▶ **REQUIRED ACTION**
The pictures stay out; all of the data is to be printed exactly.

▶ **DATA EXCERPT**
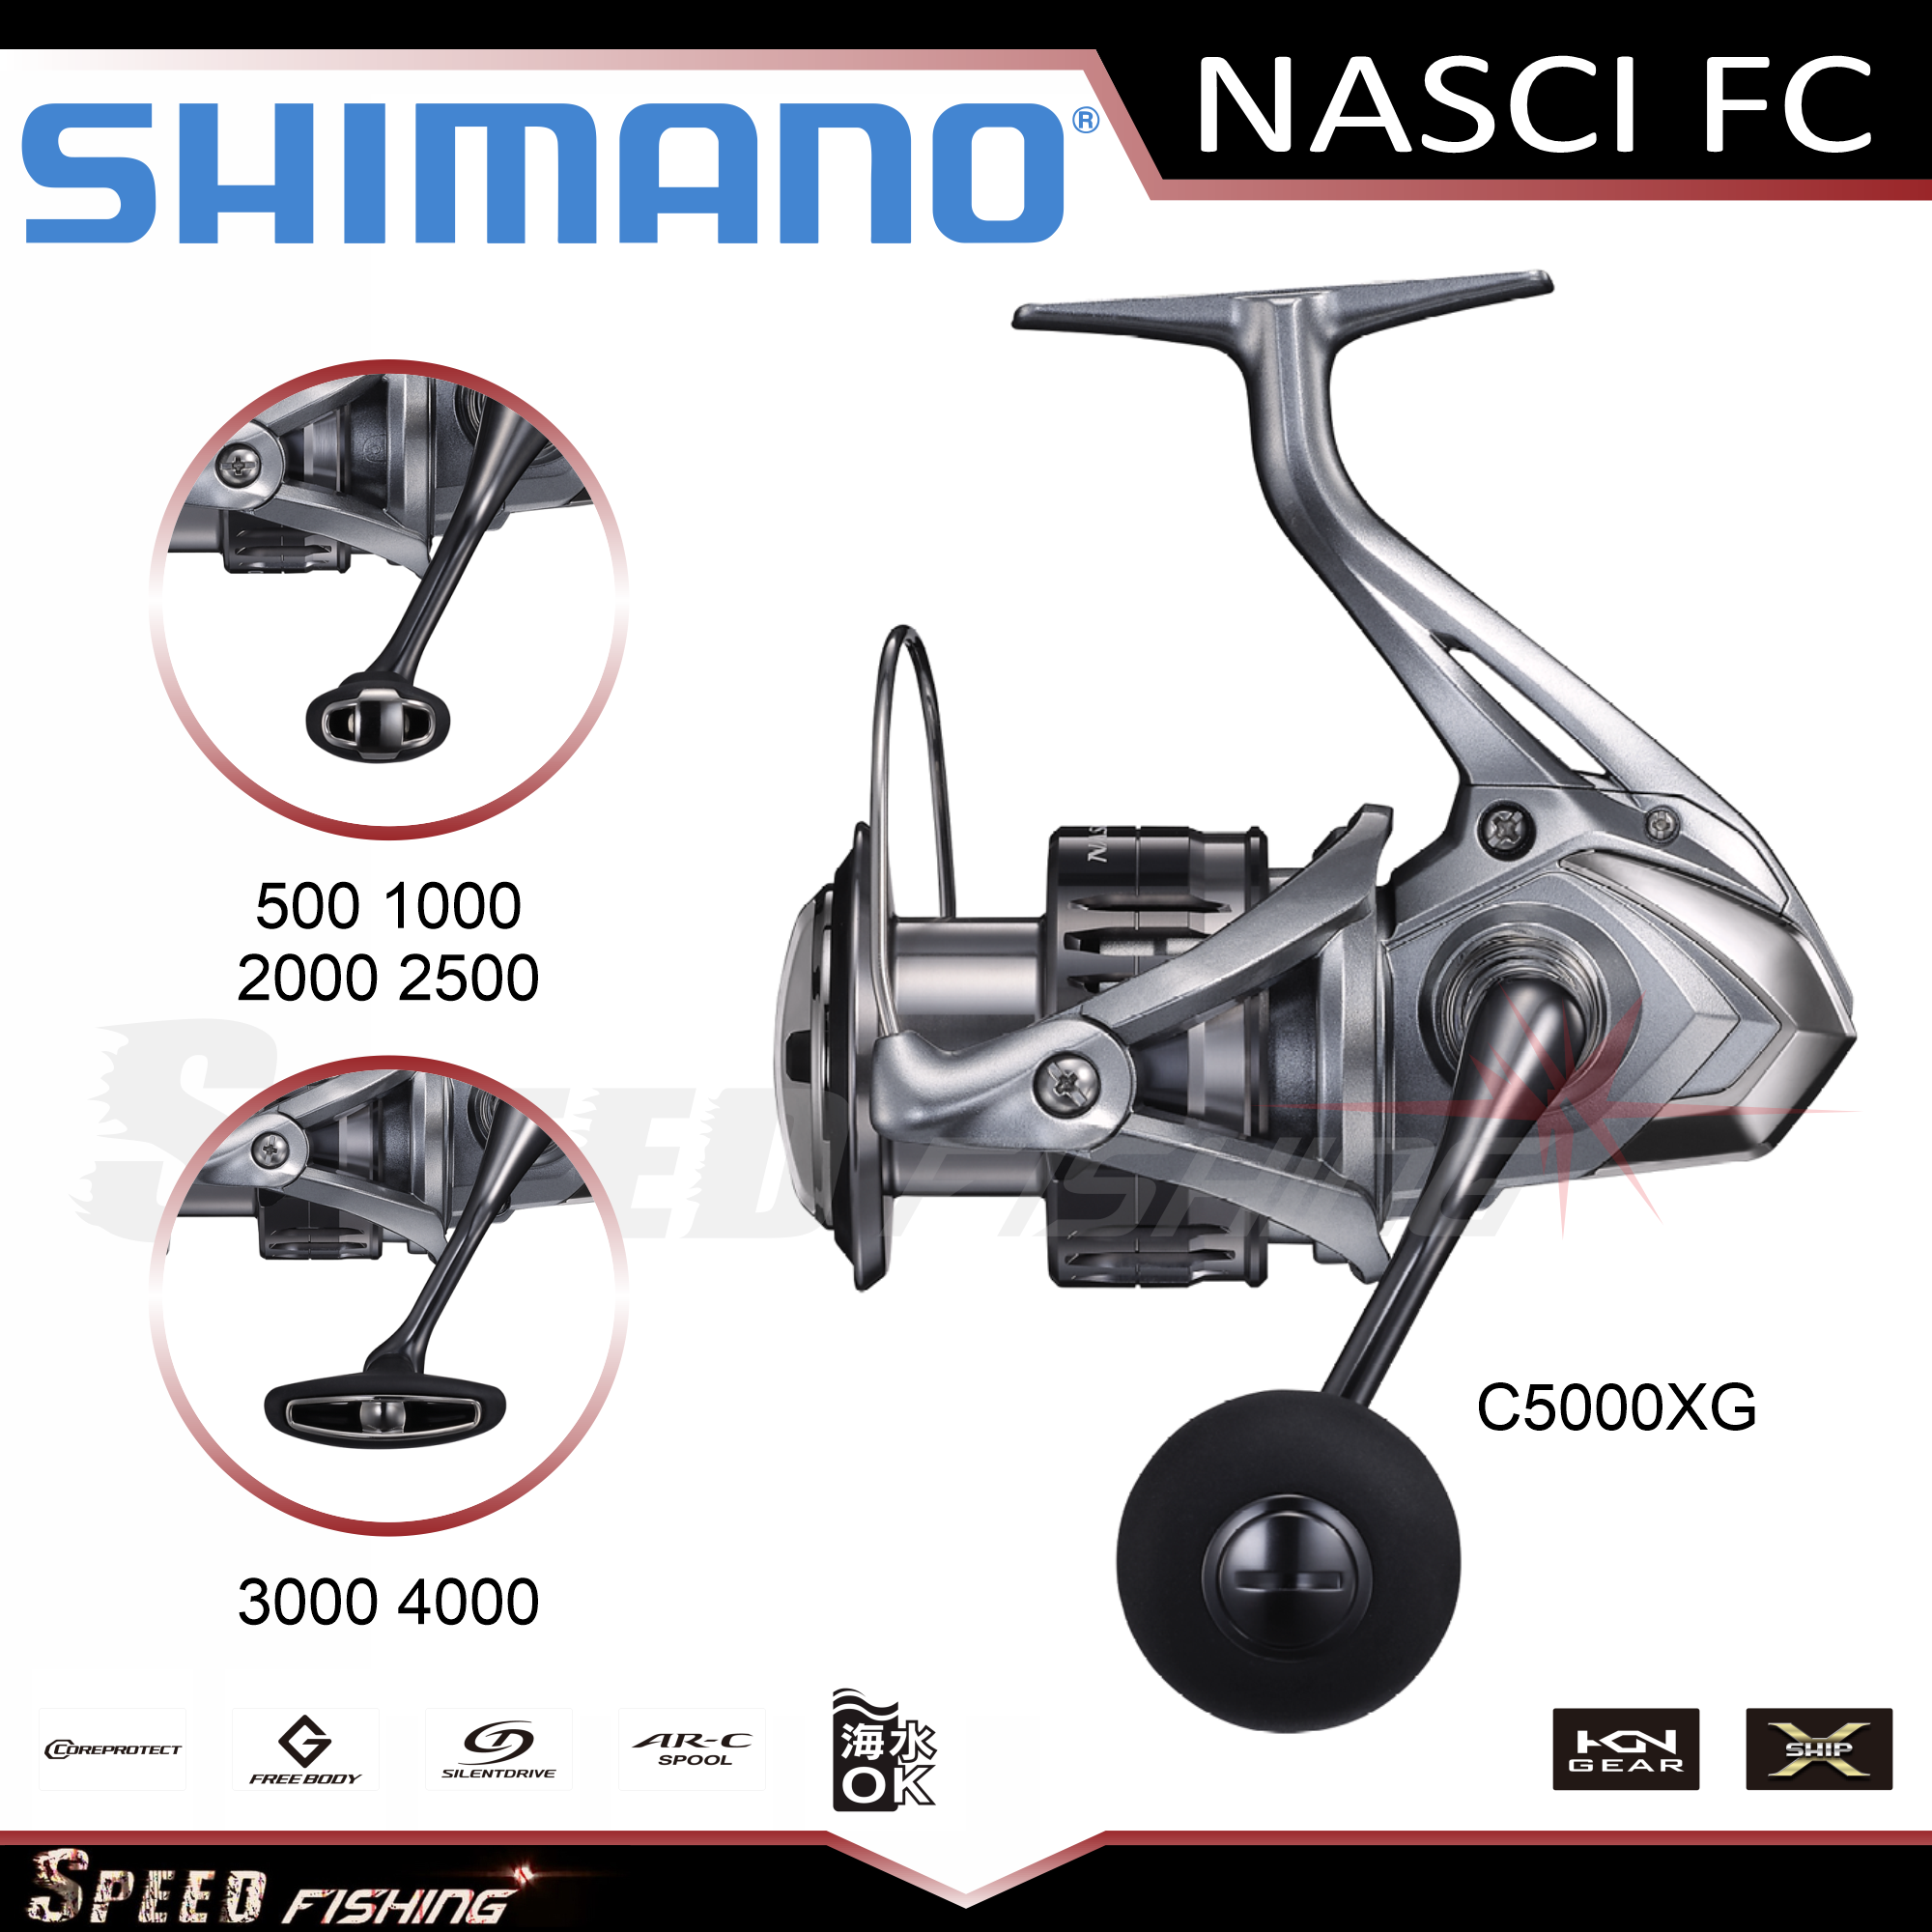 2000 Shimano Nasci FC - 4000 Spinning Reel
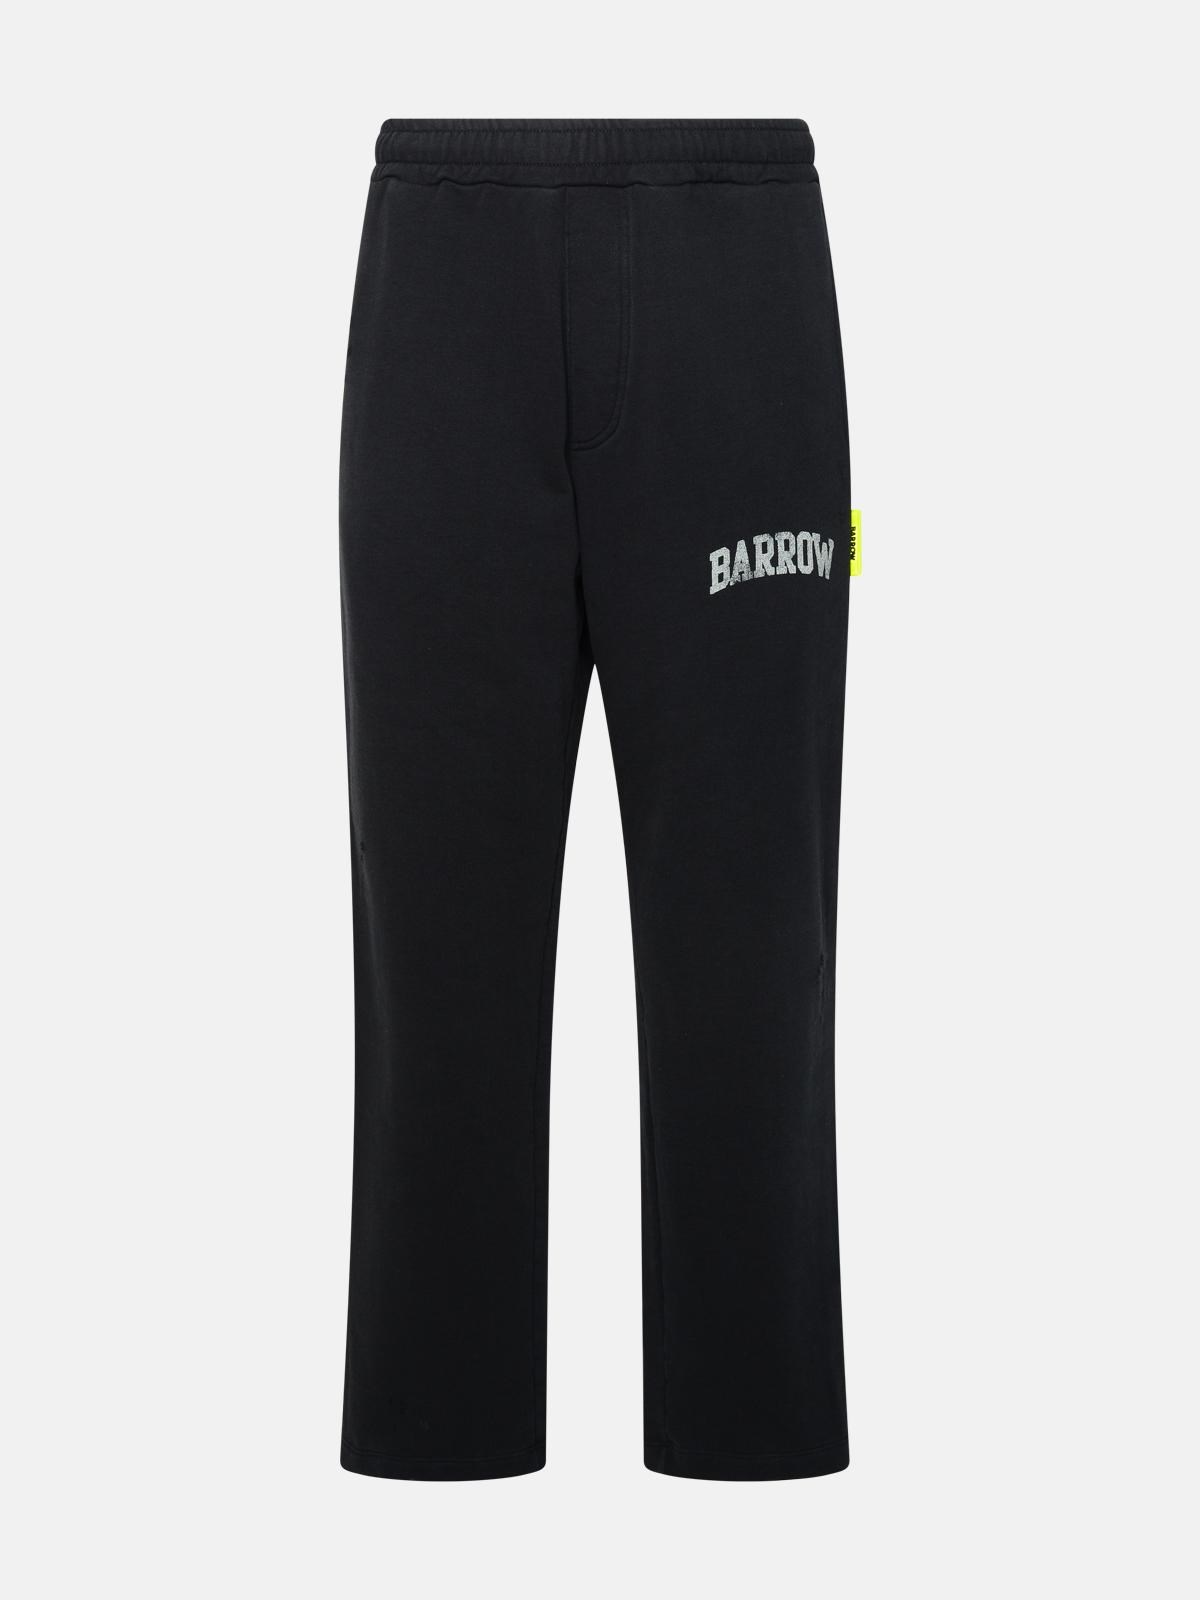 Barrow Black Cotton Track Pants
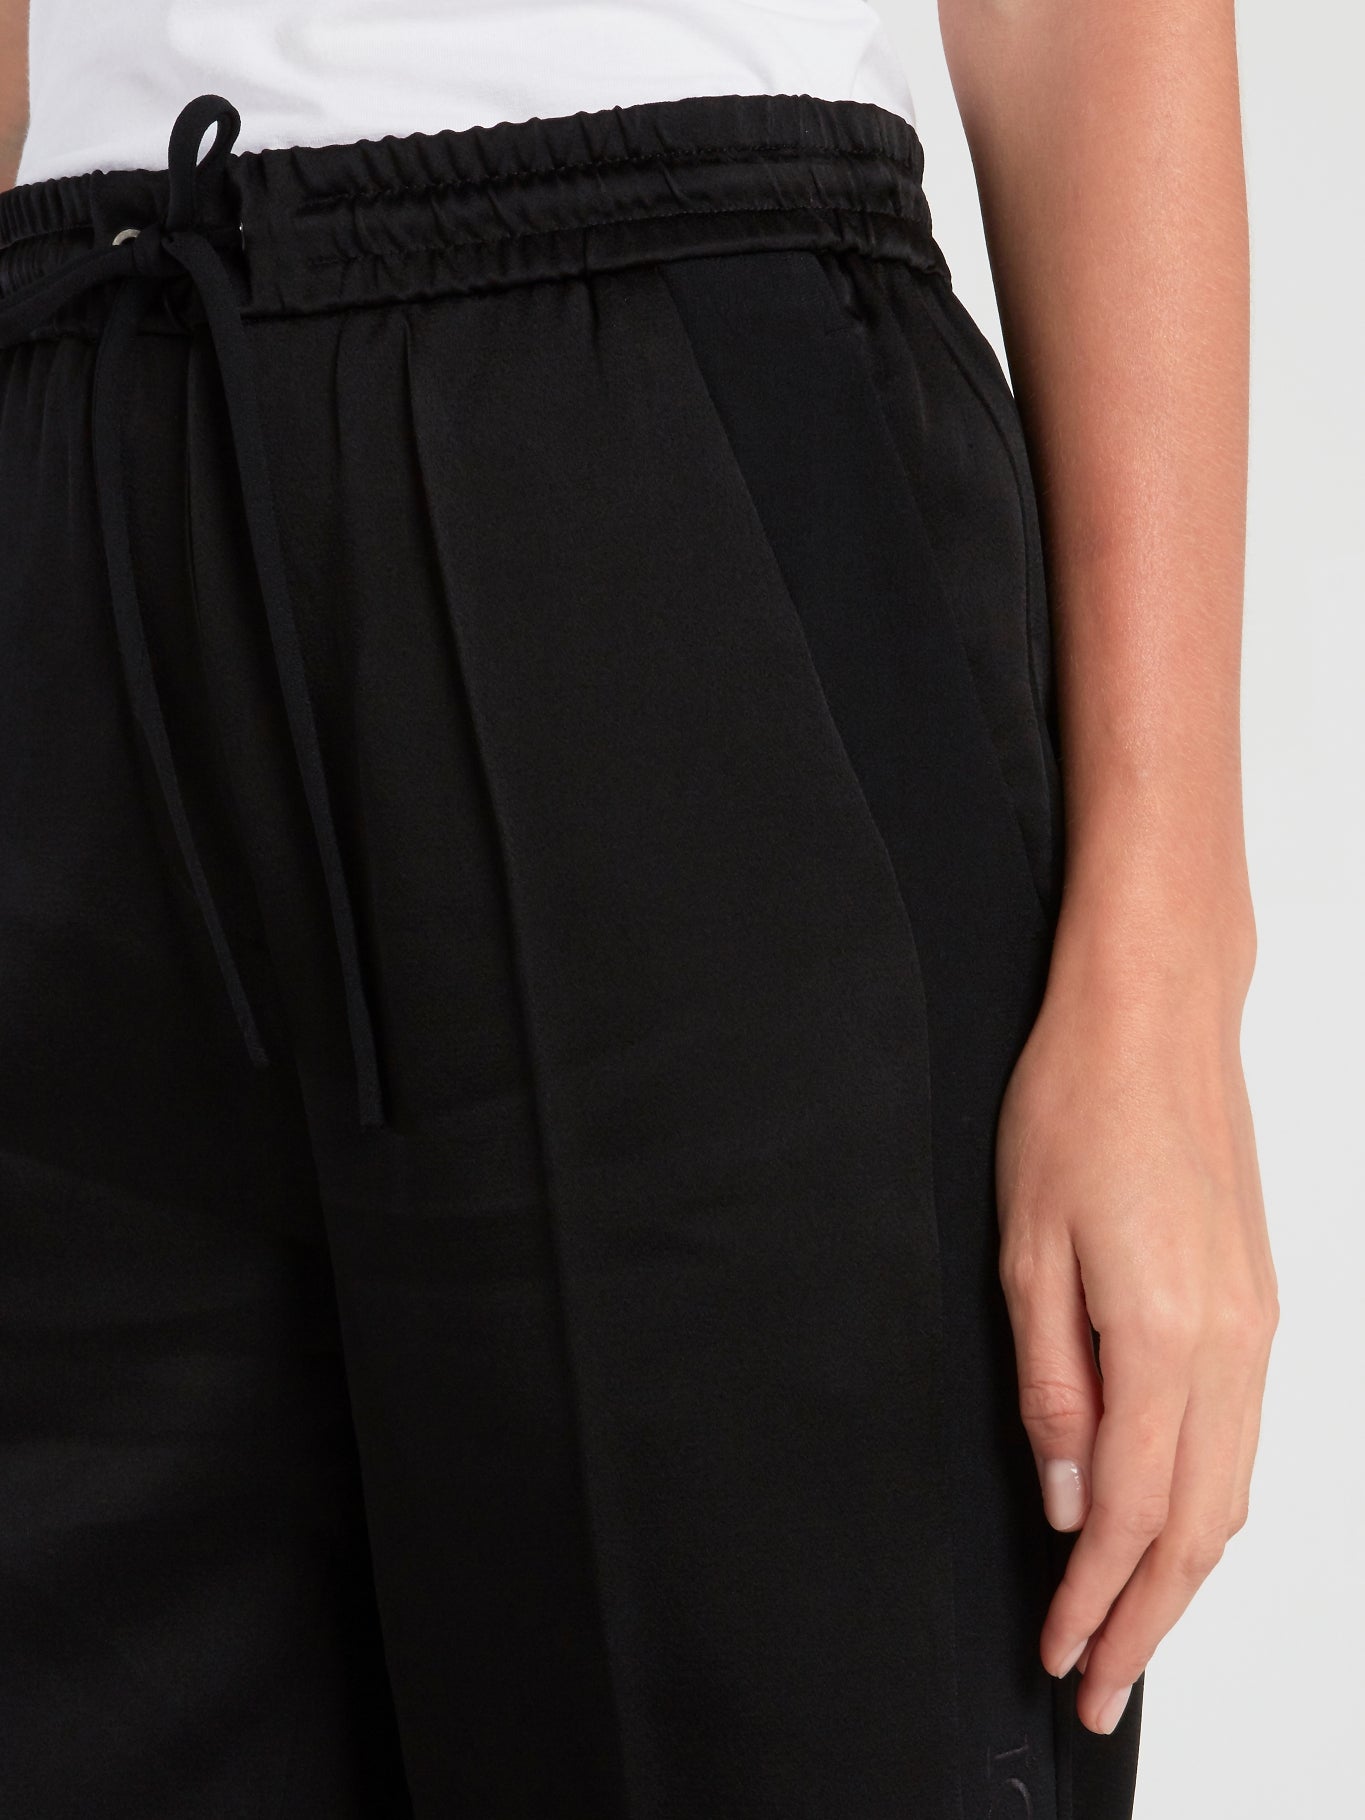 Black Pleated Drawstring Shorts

▶ **OUTPUT FOR THIS EXERCISE**
 2000 Shimano Nasci FC - 4000 Spinning Reel
 Barrow Black Cotton Track Pants
 Black Pleated Drawstring Shorts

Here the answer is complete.